## Items listed in a dataset
======

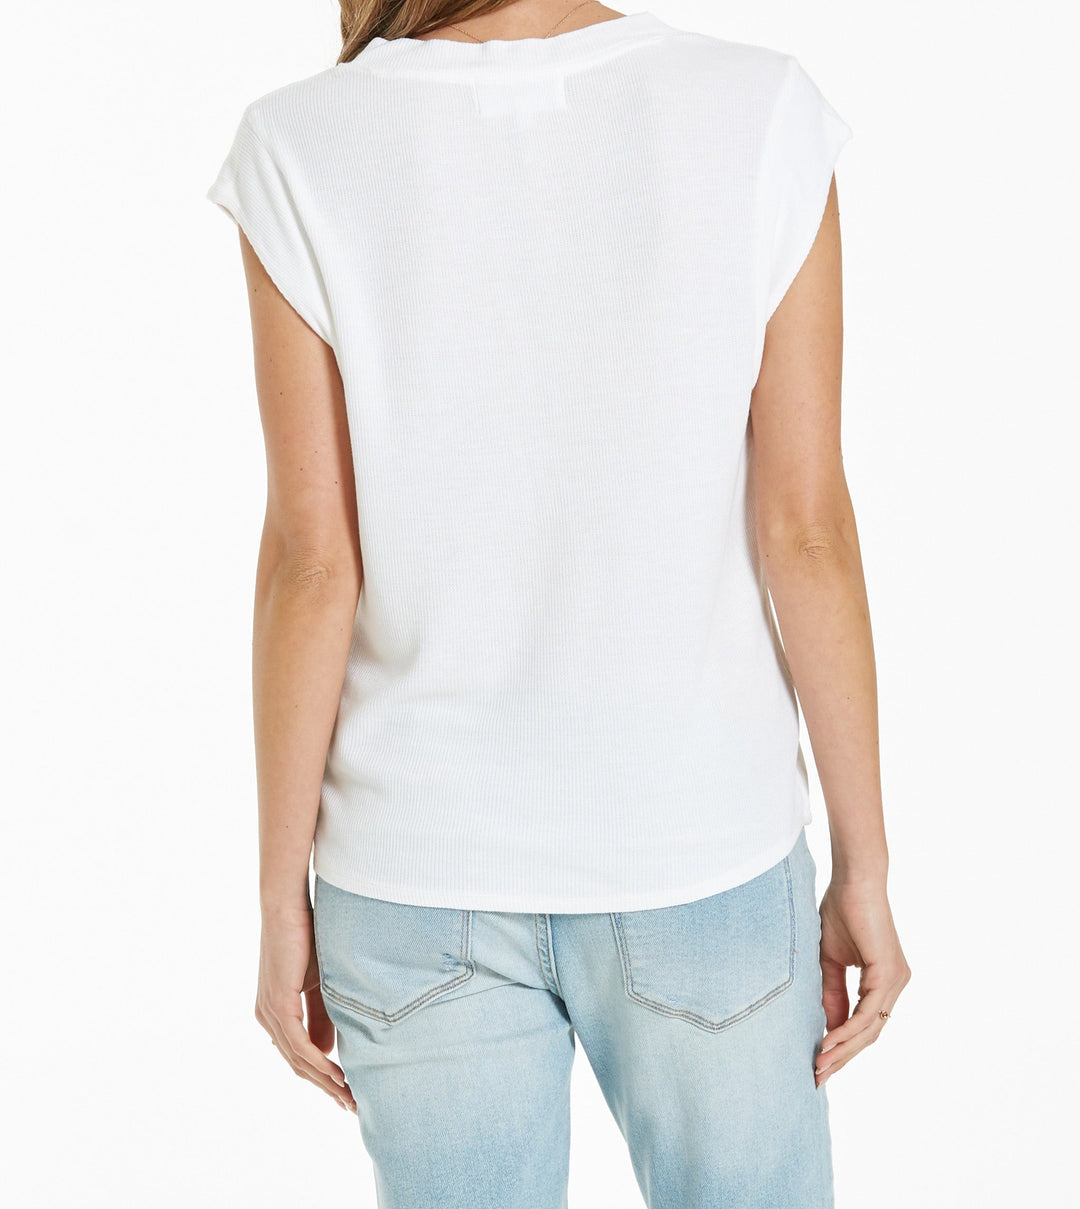 image of a female model wearing a URI THERMAL V-NECK TOP WHITE DEAR JOHN DENIM 
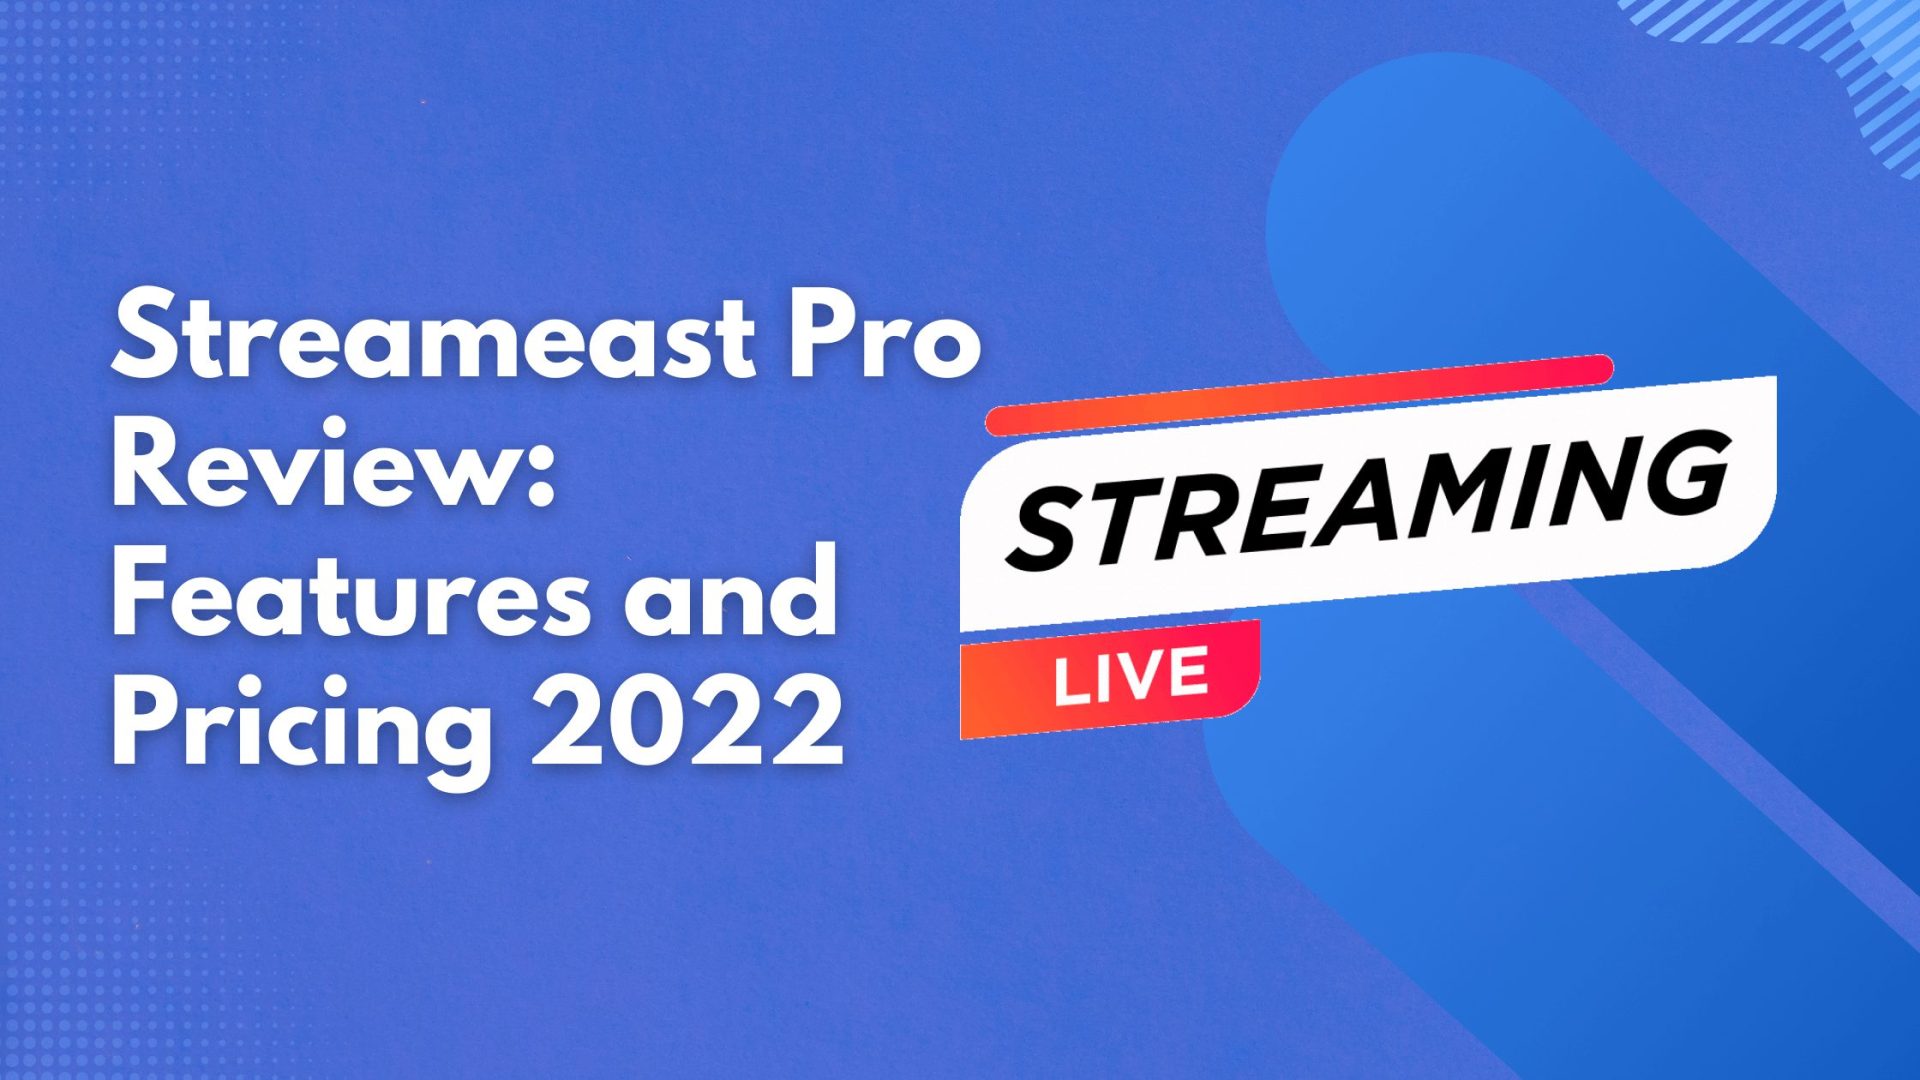 Streameast Pro
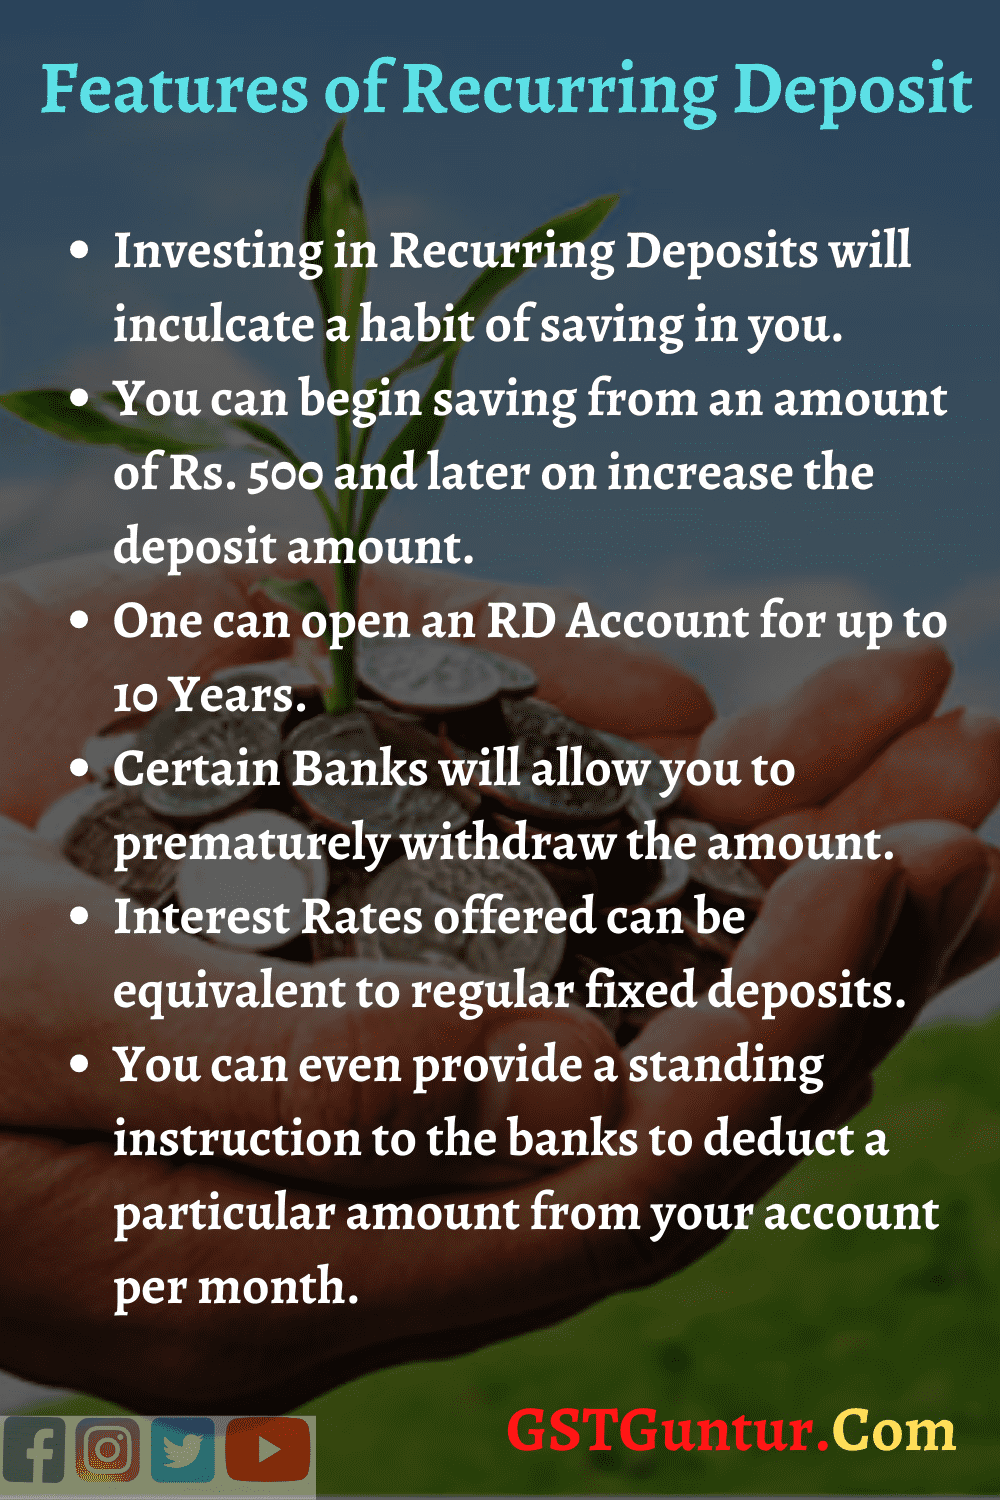 Features of Recurring Deposit
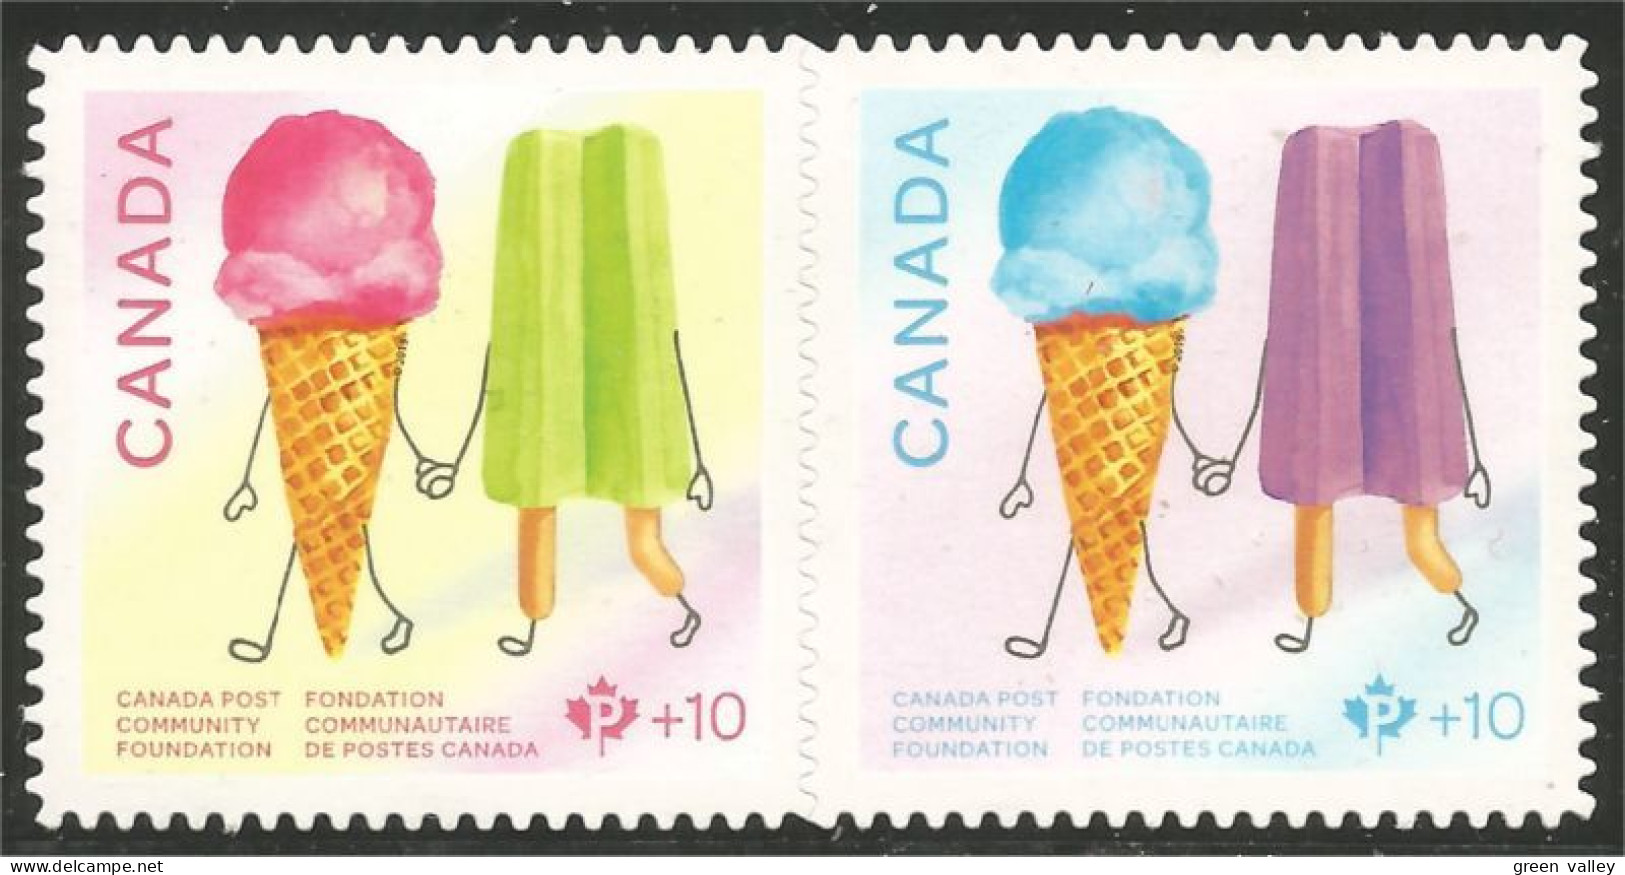 Canada Ice Cream Crème Glacée Glace Gelato Helado Eis Annual Collection Annuelle MNH ** Neuf SC (CB-28-29ia) - Neufs
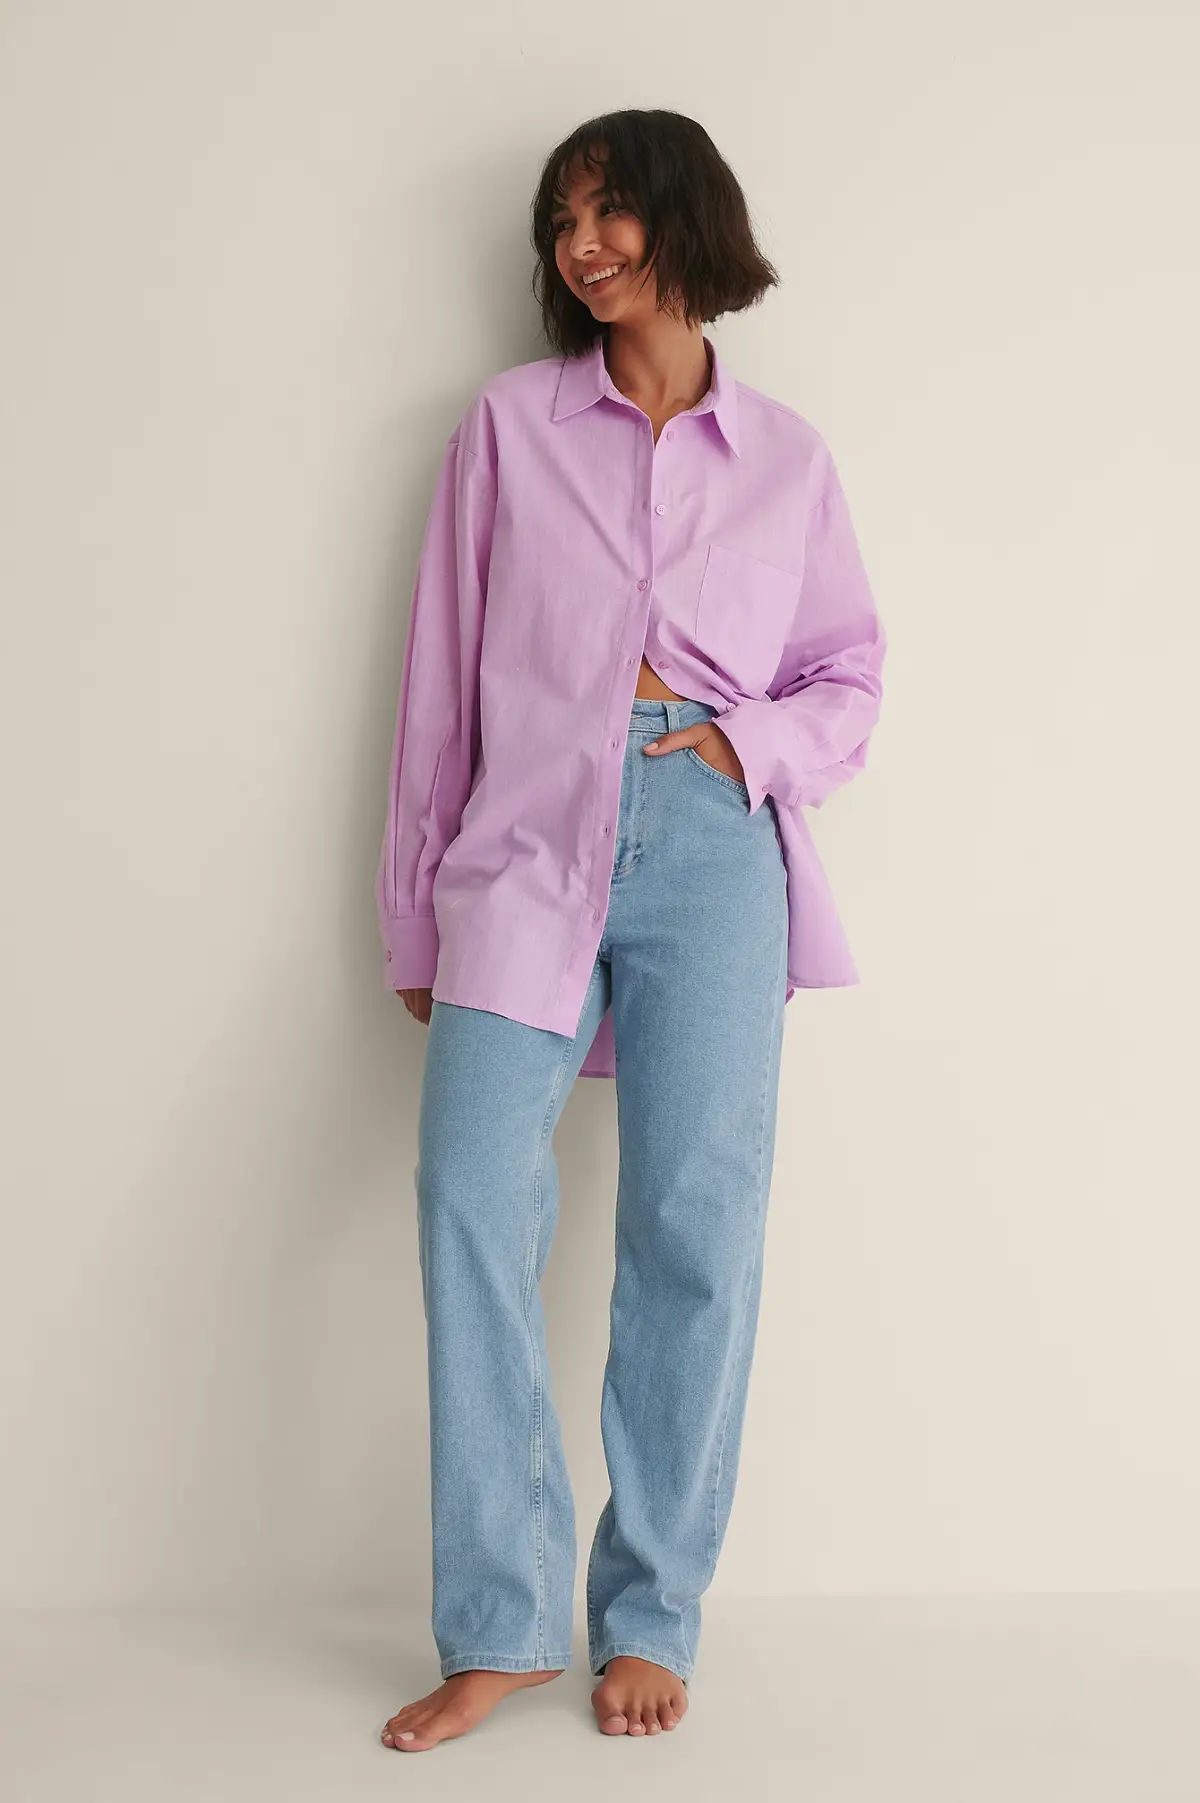 welche hemden sind 2023 modern frau traegt oversized hemd in lila rosa und mom jeans

======

## Exercise objective
For your answer, write out the data exactly and drop every picture.

## Result of the task
 image of a female model wearing a URI THERMAL V-NECK TOP WHITE DEAR JOHN DENIM 
 Streameast Pro
 Features of Recurring Deposit
 Canada Ice Cream Crème Glacée Glace Gelato Helado Eis Annual Collection Annuelle MNH ** Neuf SC (CB-28-29ia) - Neufs
 welche hemden sind 2023 modern frau traegt oversized hemd in lila rosa und mom jeans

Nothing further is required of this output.